Gunman pleads not guilty to attempted murder of US congresswoman

Reuters/Joshua Lott

The gunman charged with trying to assassinate a US congresswoman in the state of Arizona has pleaded not guilty to three counts of attempted murder. Jared Lee Loughner’s lawyer said he denied trying to kill congresswoman Gabrielle Giffords and two of her aides.


A federal grand jury indicted Loughner last week on three counts of attempted murder of Giffords and aides Pam Simon and Ron Barber.

Further charges are expected, as six people were killed – including a federal judge - when Loughner opened fire on a public meeting being held by Giffords outside a grocery store in Tucson.

Doctors say Giffords, who was shot in the head, is recovering. She was transferred to a hospital in Houston, Texas, to be closer to her family.

Loughner's lawyer, Judy Clarke, downplayed the prospect that Loughner might plead not guilty based on his mental condition.

"We are not raising the issue of competency at this time,” she told judge Larry Burns at the US federal courthouse in Phoenix.

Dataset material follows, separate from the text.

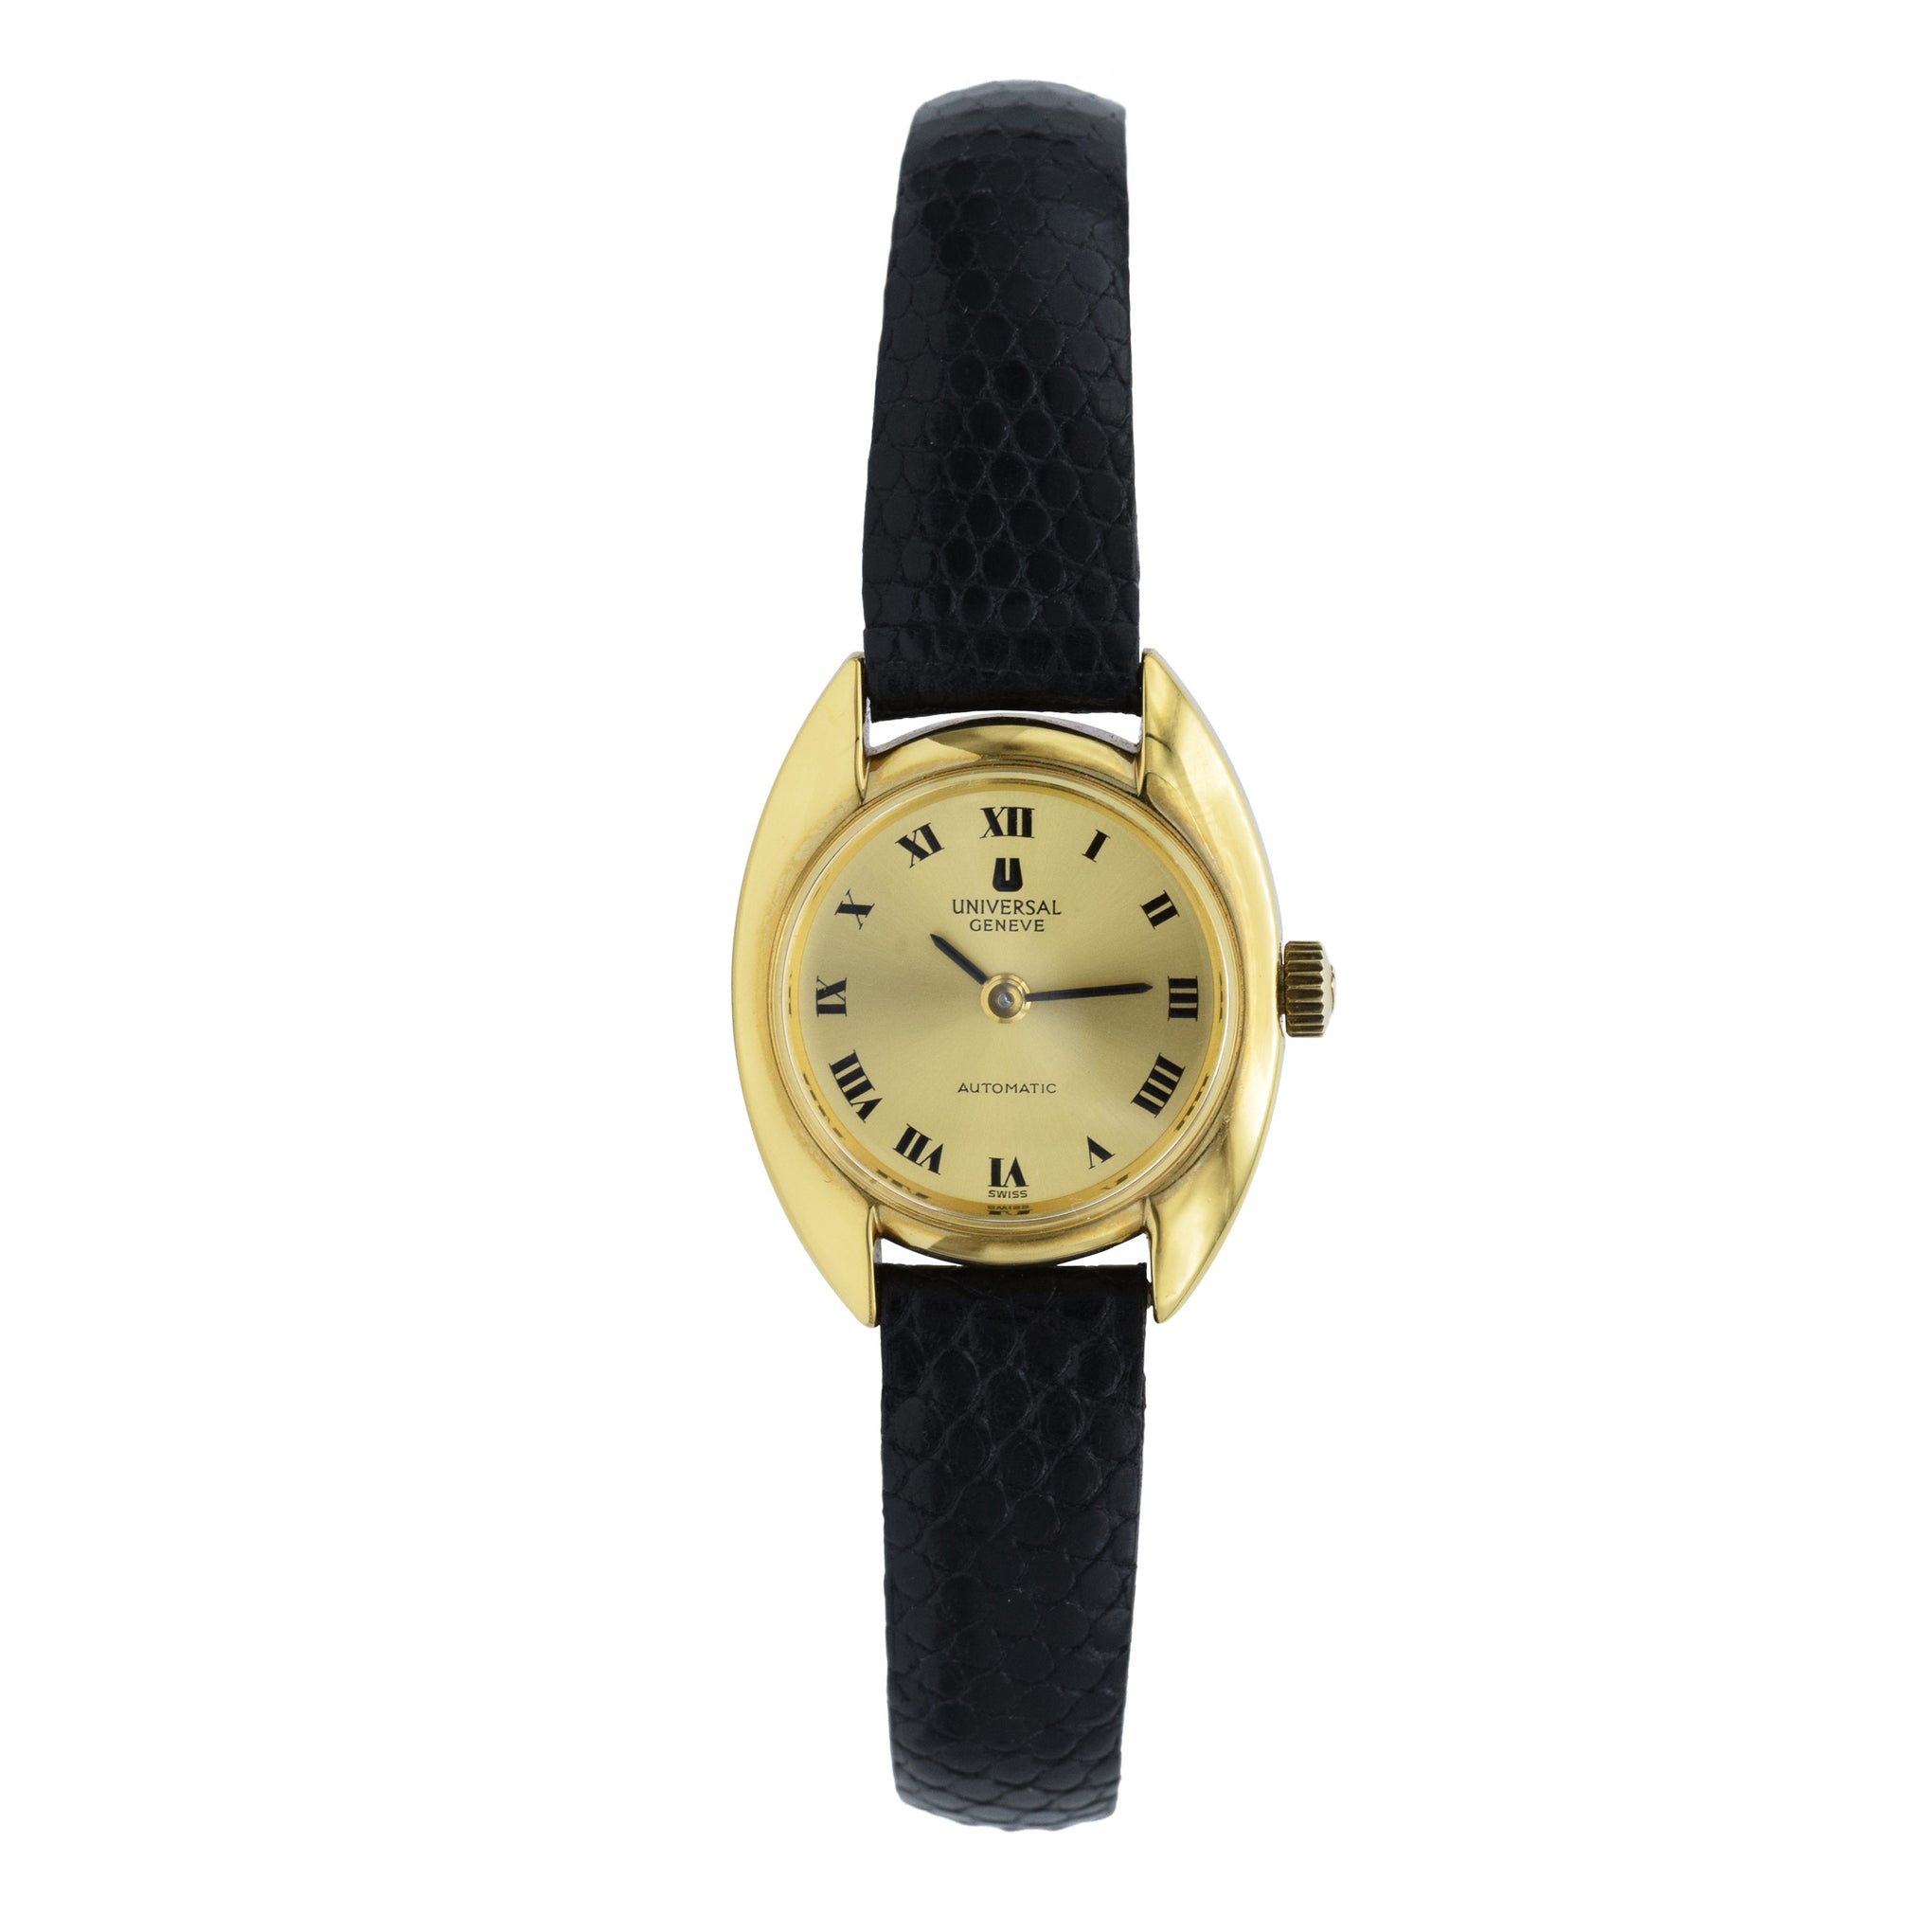 Vintage 1970s Universal Genève Watch

Burns, a California federal judge, is presiding over the trial after all of Arizona’s federal judges were disqualified because of the risk they could be biased judging the death of one of their colleagues.

Clarke said she did not object to the trial being held in Tucson, rather than in Phoenix.

A further case hearing is scheduled for 9 March.

Clarke represented the Unabomber, Ted Kaczynski, who received a life sentence without parole for a 20-year mail bombing spree. She also represented Zacarias Moussaoui, accused of being a conspirator in the 11 September, 2001, World Trade Centre attacks.